Talking to God in the midst of the sea:
Recently I experienced a great hurt. I couldn’t feel anything except a deep betrayal that brought with it pain and anguish. I was so hurt I began to feel sick. So I went to the beach to talk to God. I know I can talk to God anytime, anywhere, and I do, but the beach holds special significance to me and in my relationship with God. It was around 8:30 pm and it was already dark out. It was low tide so the water was way out there and I was able to walk on the sand in the midst of the sea.
With tears streaming down my face I looked up towards the Heavens and started talking to Him. I told Him my hurt. I paced the sand questioning why. Eventually I had no more words just my tears. In that moment a thought came to me. The God that holds the Heavens, the God that created all things, holds the whole world in His hands, and yet in that very same moment He saw me. He sees me. In the middle of the ocean at that particular time He saw my grief and my anguish and He was there. Not only does He see me but He loves me.

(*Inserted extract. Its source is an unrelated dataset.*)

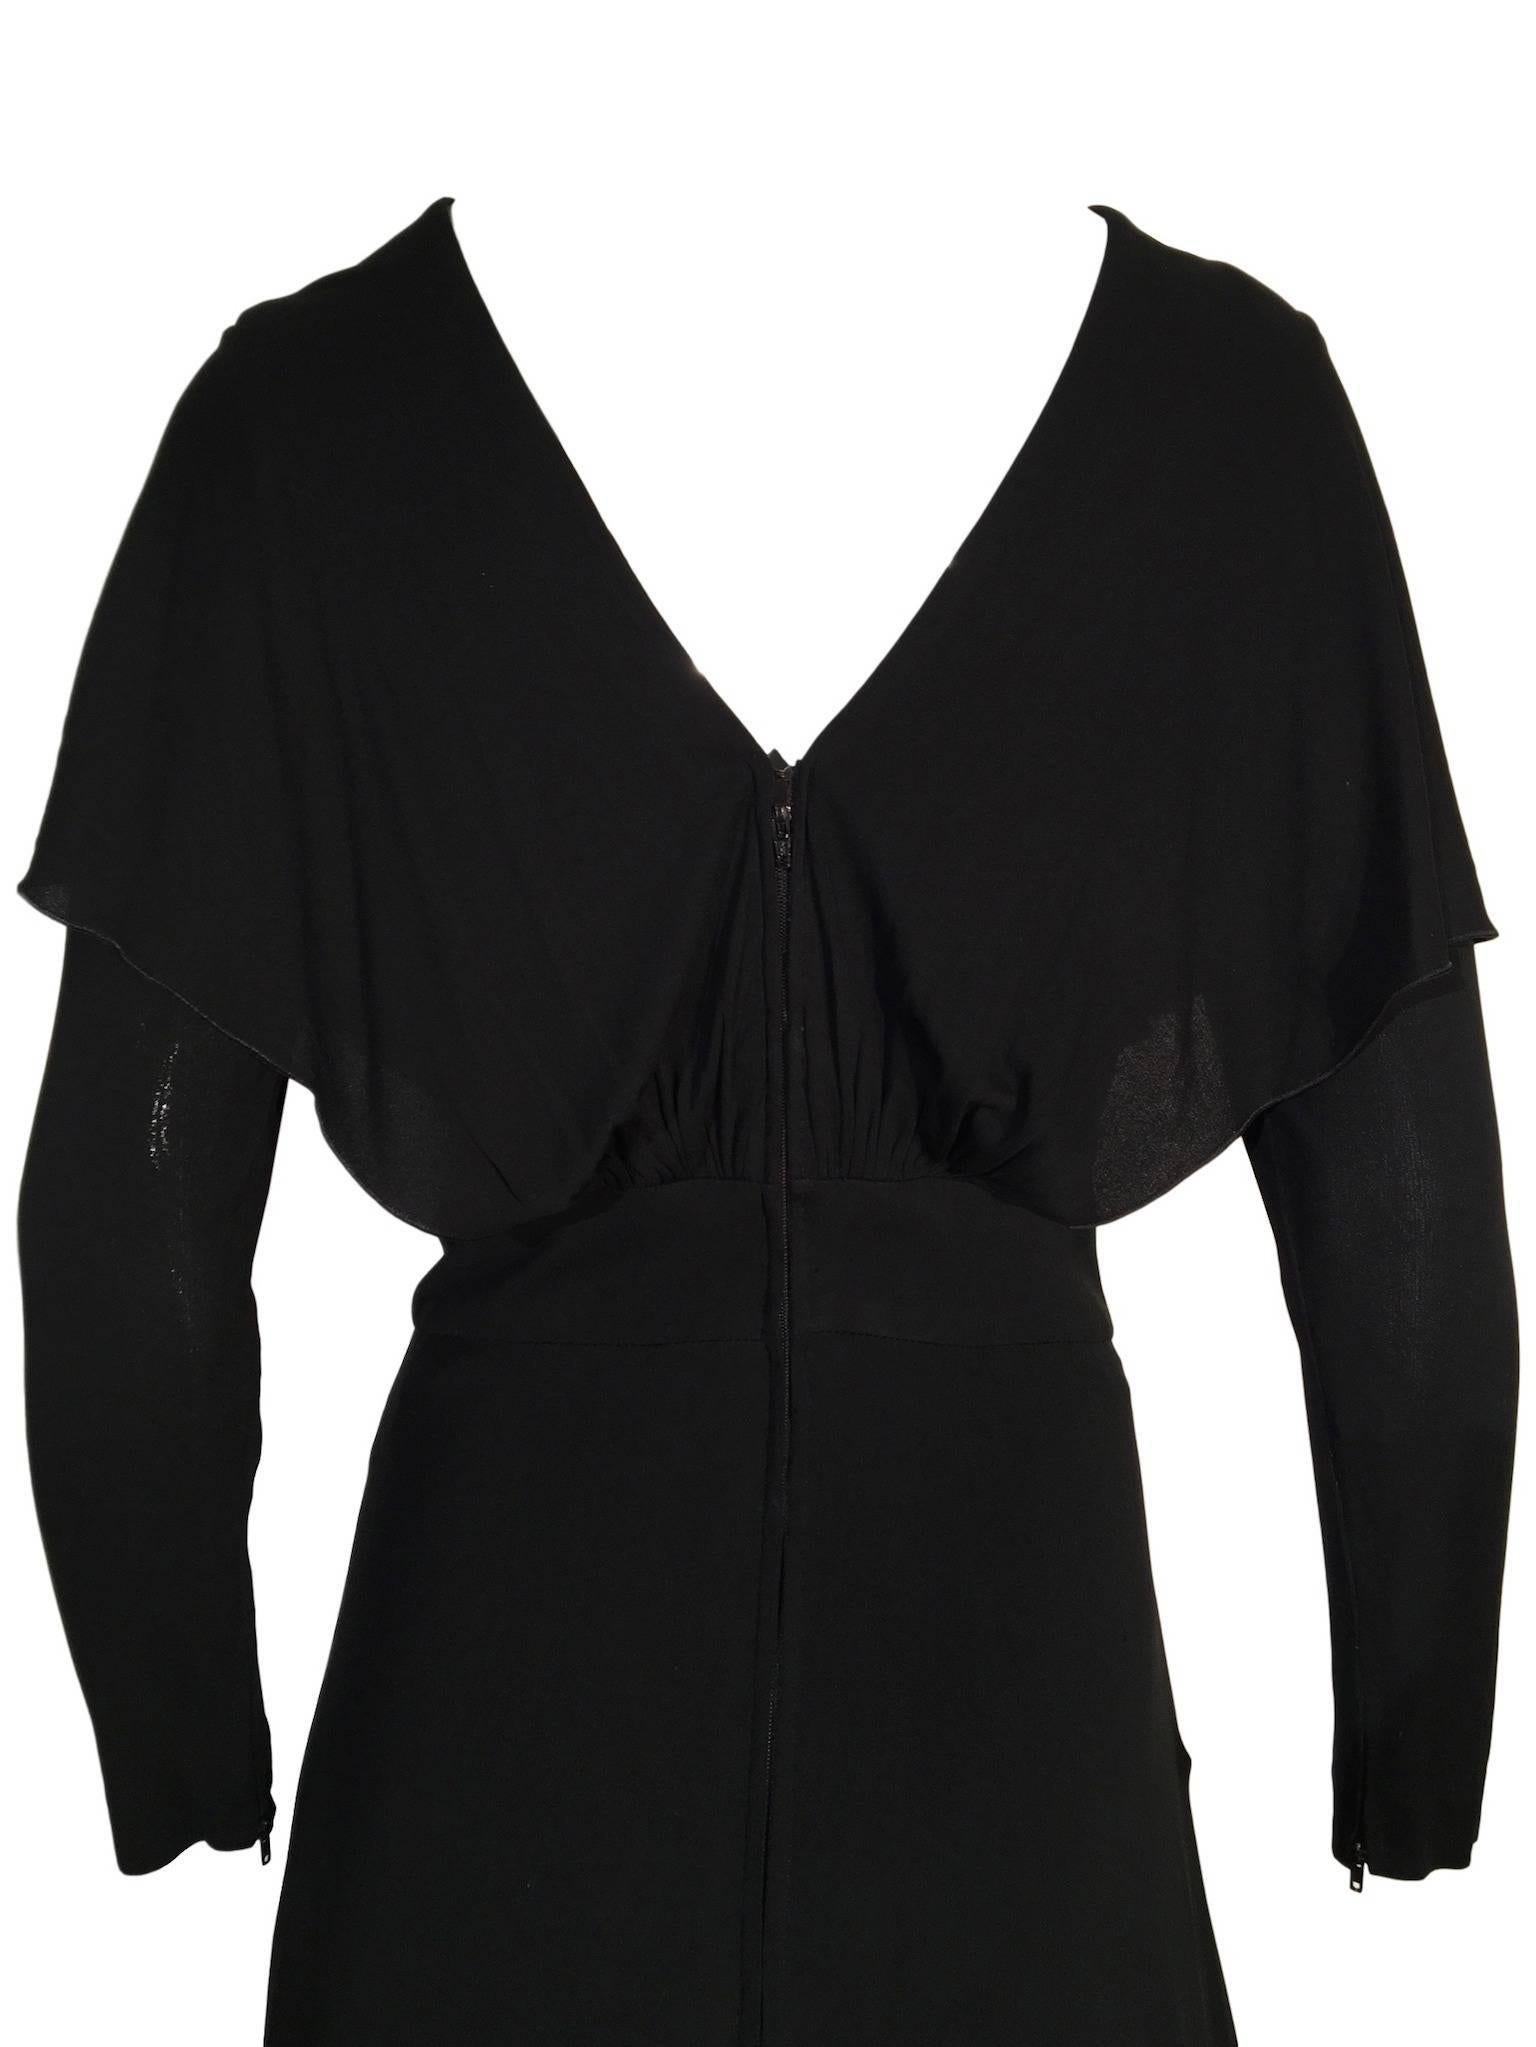 Black Vintage black Silk Jersey Full Length Gathered Art Deco Style Evening Dress

To this day I find it hard to completely comprehend the depth and height of His love for me but I am so grateful for that moment with the Lord. I am so grateful that I was able to feel His presence in the midst of my hurt and to feel cherished and loved. I mentioned this to a special lady from church and she encouraged me to treasure this moment. To look back and remember it when I feel alone and abandoned. I am not alone. I am treasured and I am loved immeasurably by the same God who created the Heavens and the Earth. It really is not so simple to digest but I am working on it. The greatest thing is, the same God who did all of that, who spoke to me in the middle of the sea? He is the very same God who feels the same about YOU. He sees you. He KNOWS you. And He loves you. I pray you would be comforted tonight. I was not going to share this publicly but I feel like maybe there is someone who needs to hear this. Maybe there is someone who doesn’t know the love of Christ. Maybe someone is dealing with betrayal and hurt. Jesus sees your hurt. He hears your cry. He is right there with you. In the midst of the pain, in the midst of the sea. Hallelujah.
I pray we would comprehend just how vast His love for us is and that we would live and walk in His love and grace.